Progress, she marches onward in the form of rosemary and bread. That kind of change I can live with.


No-Knead Rosemary Crescent Rolls
These crisp-crusted, soft-crumbed, rosemary studded rolls are perfect for sopping up gravy, leftover turkey sandwiches with cranberry sauce,and late night dunking into the gravy boat in front of the refrigerator door. Bonus: They're created with dough you can make up to 10 days in advance of baking! Ever so gently adapted from and with thanks to Zoë François
  • 1 pound No-Knead Semolina Dough or olive oil dough from Artisan Bread in Five Minutes a Day.**
  • 2 tablespoons finely chopped fresh rosemary
  • 3 tablespoons extra virgin olive oil
  • coarse salt for sprinkling
  1. Line a half-sheet pan (or two smaller baking sheets) with parchment and set aside.
  2. Moderately flour a clean work surface and your ball of dough.
  3. Roll the dough into a circle that is about ¼-inch thick. Brush the circle generously with olive oil, sprinkle evenly with the chopped rosemary and sea salt.
  4. Cut the circle into 8 equal wedges. Take one wedge into your hands and gently stretch the pointed end of it while holding onto the wide end to make the piece longer.
  5. Lay the piece back on the work surface and pull the wide end to stretch it gently. Begin rolling the wide end tightly, jelly-roll style, toward the pointed end. When you get close to the pointed end, give it another gentle stretch and wrap it tightly around the center.
  6. Lay each roll on the prepared pans, with the point side down to keep the dough rolled. Be sure to leave ample room between the rolls for expansion. If desired, curl the ends of the rolls gently toward the center to enhance the shape of the finished rolls. Let rise, uncovered, in a warm, draft-free place for up to an hour, or until puffy.
  7. Preheat oven to 475°F.
  8. Brush the rolls one more time, generously, with olive oil then bake, rotating midway through the cooking time, for about 20 minutes, or until beautiful golden brown.

Do you have recipes that you break out every year or do you do something different every Thanksgiving? I must know!



  1. says

    My first visit to your site and I’m finding so many tempting recipes. I love rosemary, but rarely get to enjoy it since the family feels differently. Maybe this recipe will win them over :). I’m hosting Thanksgiving for the first time in a long time this year — so we’ll be making new traditions. Although our family’s southern cornbread dressing will certainly be on the menu. I plan to serve a new version of potatoes; it’s a savory mixture of mashed baking and sweet potatoes. Yum!

  2. says

    Oh, Lindy. 😉

    So I guess I gotta, right?

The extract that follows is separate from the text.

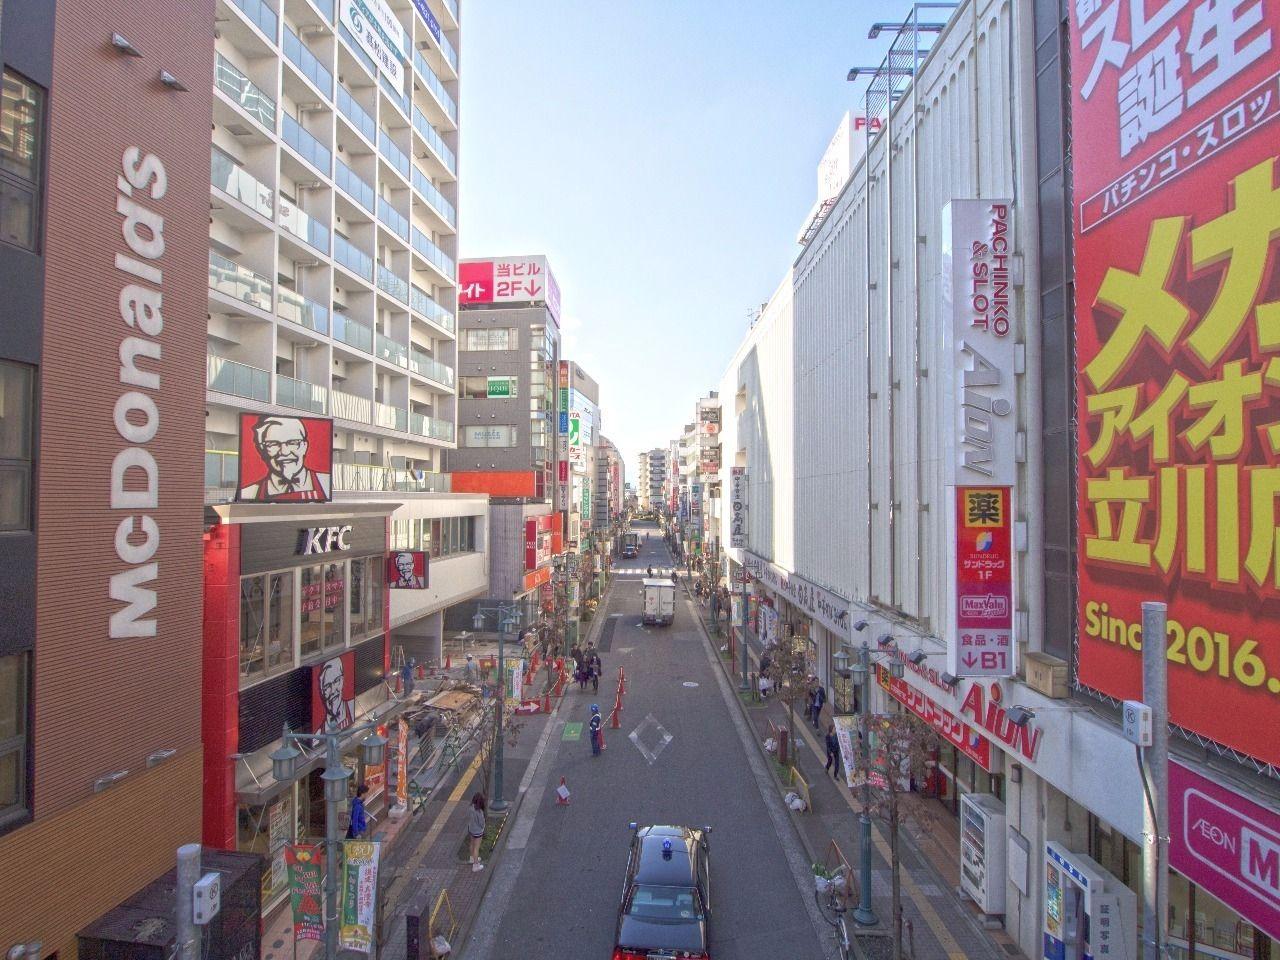 「柴崎山居」はこの諏訪通りを抜けた柴崎町の住宅街にあります
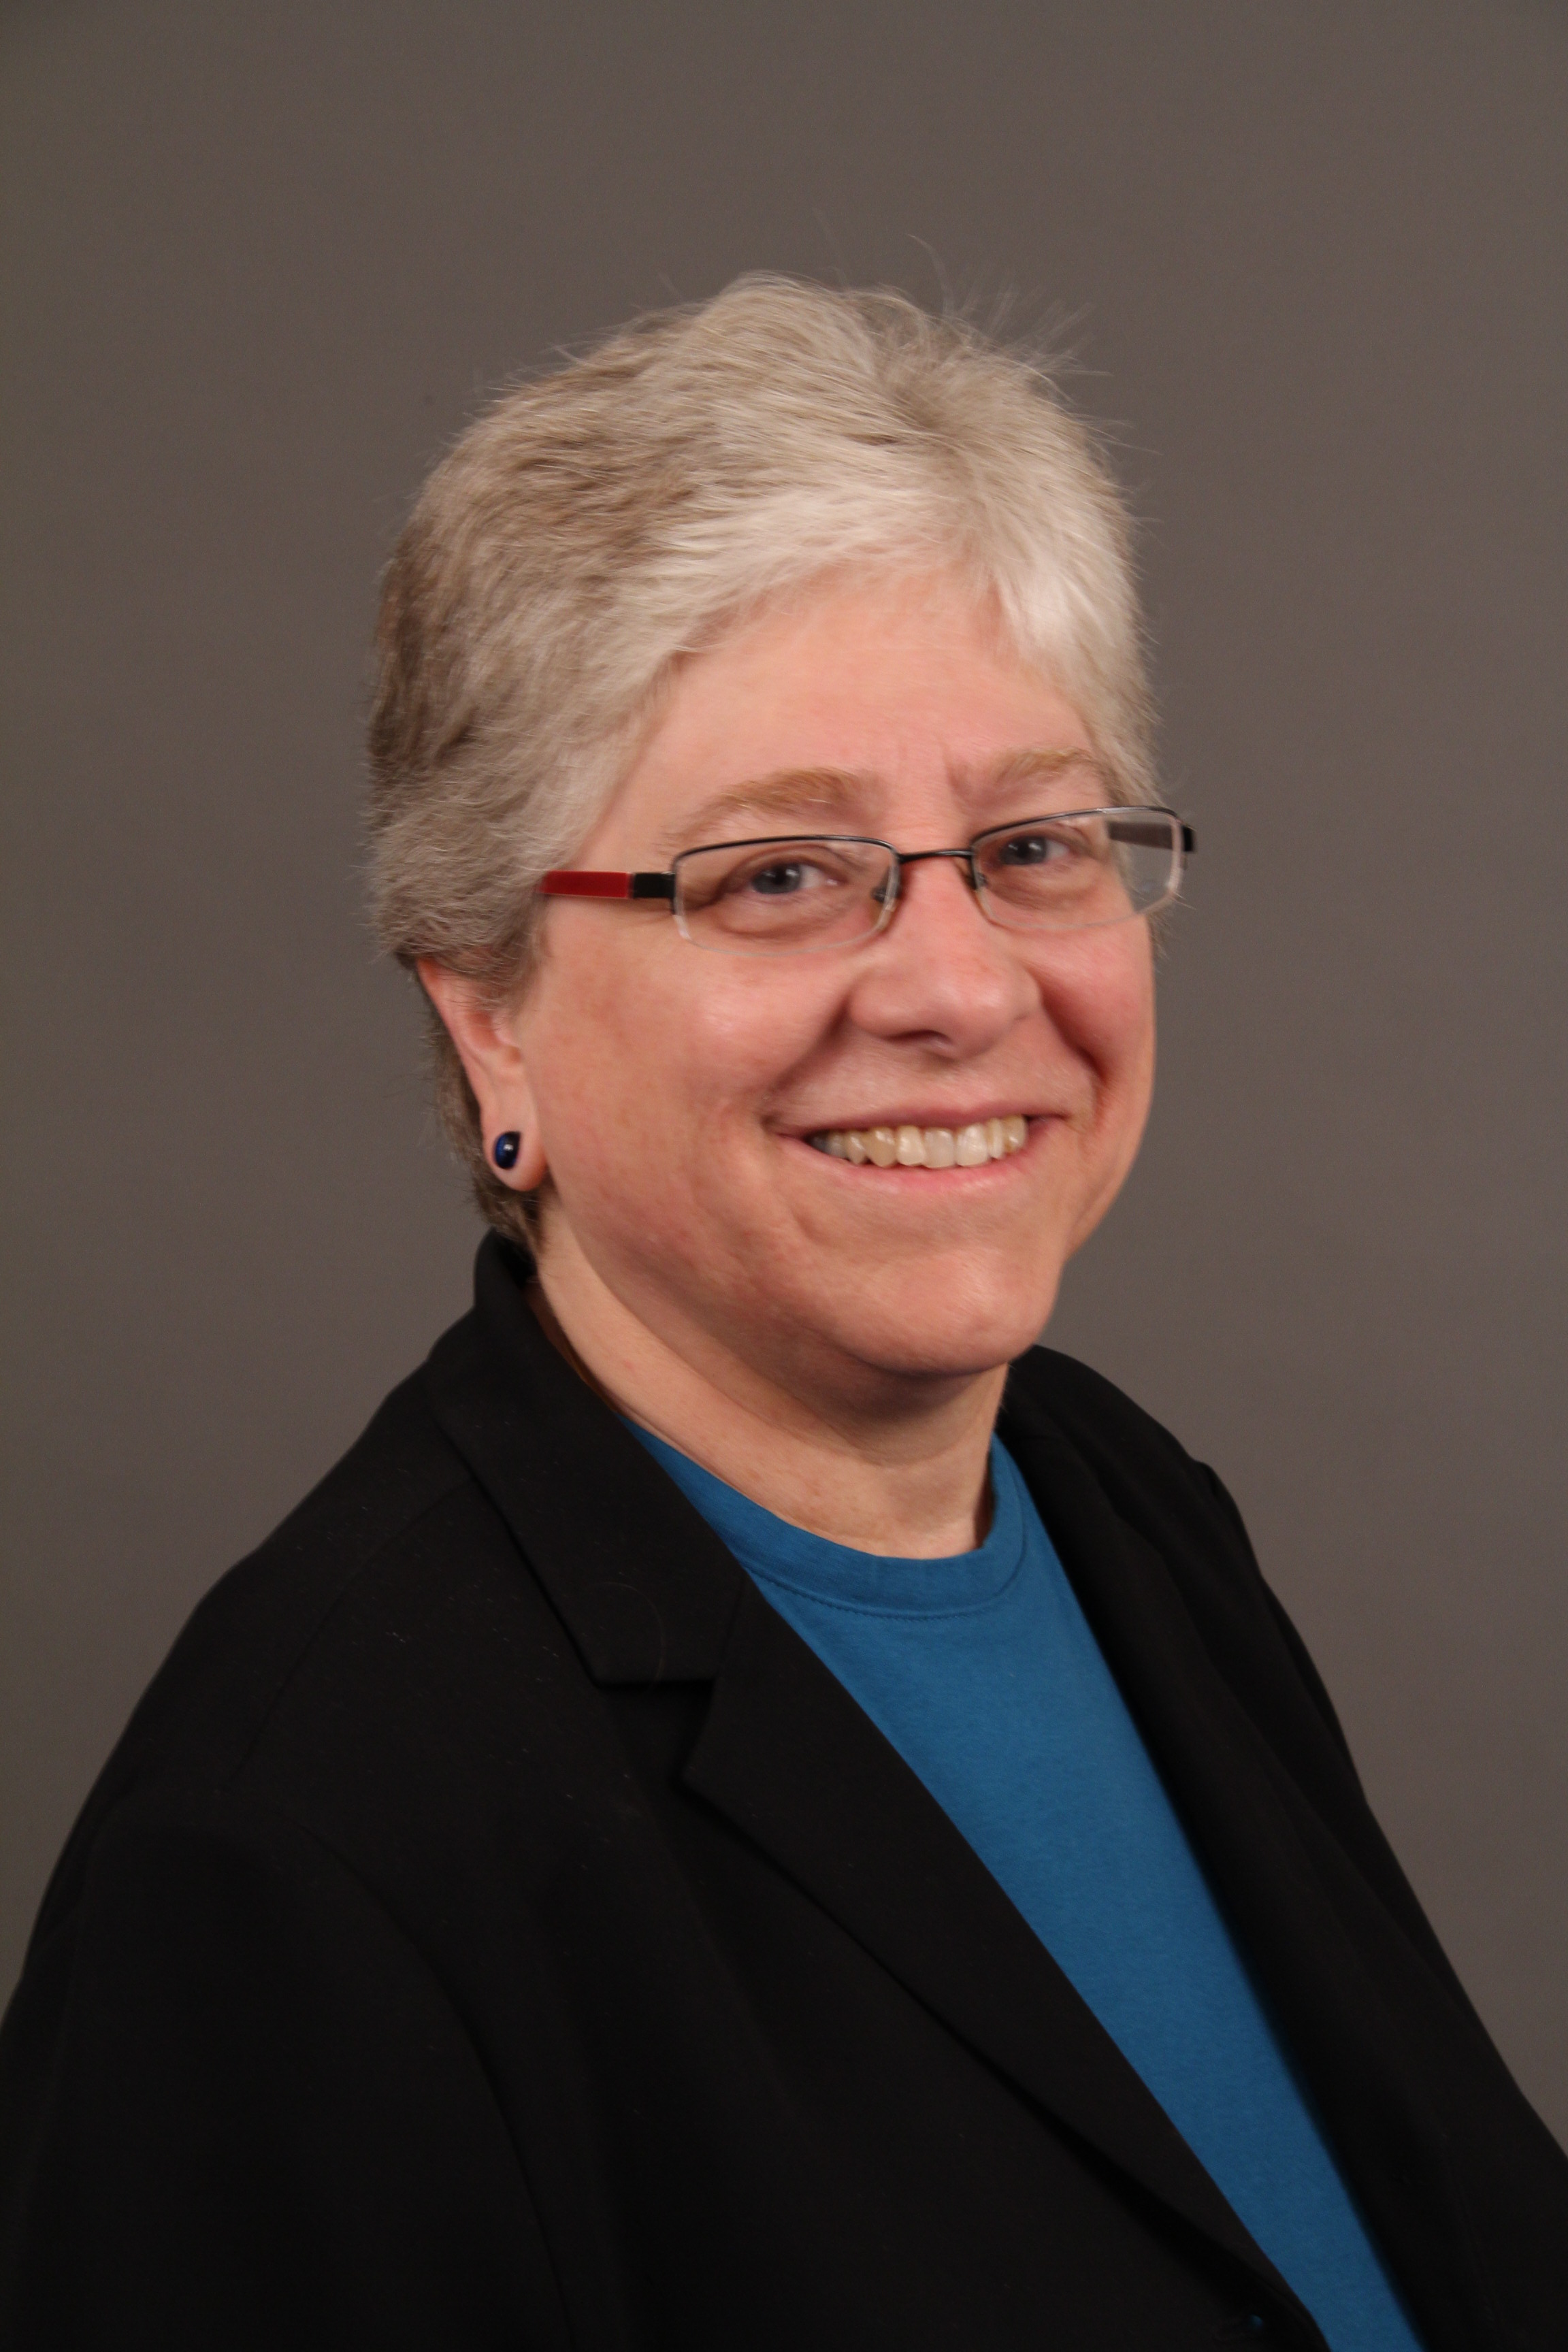 Photo of                                                                                                                                                                                                                                                                                                                                                                                                                                                                                                                                                                                                                                                                                                                                                                                                                                                                                                                                                                                                                                                                                                                 Leslie

I mean, I executed Ree’s 2007 ones quite well and Steve loved them, but I don’t think they are Thanksgiving rolls (no matter what she says). They have a sweetness that doesn’t belong. Golden warm tear apart crescent rolls with rosemary… that’s more like it. I guess I’ll be trying them blind but will follow your printout to the letter. I’ll have a package of Central Market rolls on hand in case I get too jammed up.

  3. Michelle W says

    Oh, boy. I haven’t made rolls for Thanksgiving in several years. One year I decided we had more than enough carbs to go around without them. Now, since I’m having a “Shake Up the Traditions” Thanksgiving, I think I might have to put rolls back on the menu. Thank goodness I get the day before T-Day off of work!

  4. says

    3 kinds of rolls sounds like the perfect solution to me. Can you believe we don’t do any at Thanksgiving. And come to think of it, I have no idea why. *sadness*

  5. says

    I must say, these look awesome!!!! We typically do have rolls fresh out of the oven on Thanksgiving, and I do make them completly from scratch, but I’m thinking that we might need to give these a try, the rosemary has to be a nice addition to the traditional flavors.

  6. Michelle W says

    I just made these and they’re very good! The dough wasn’t hard to work with at all. I did run out of rosemary for the last tray, so I used sun dried tomatoes and black olives… keep your fingers crossed that they turn out okay!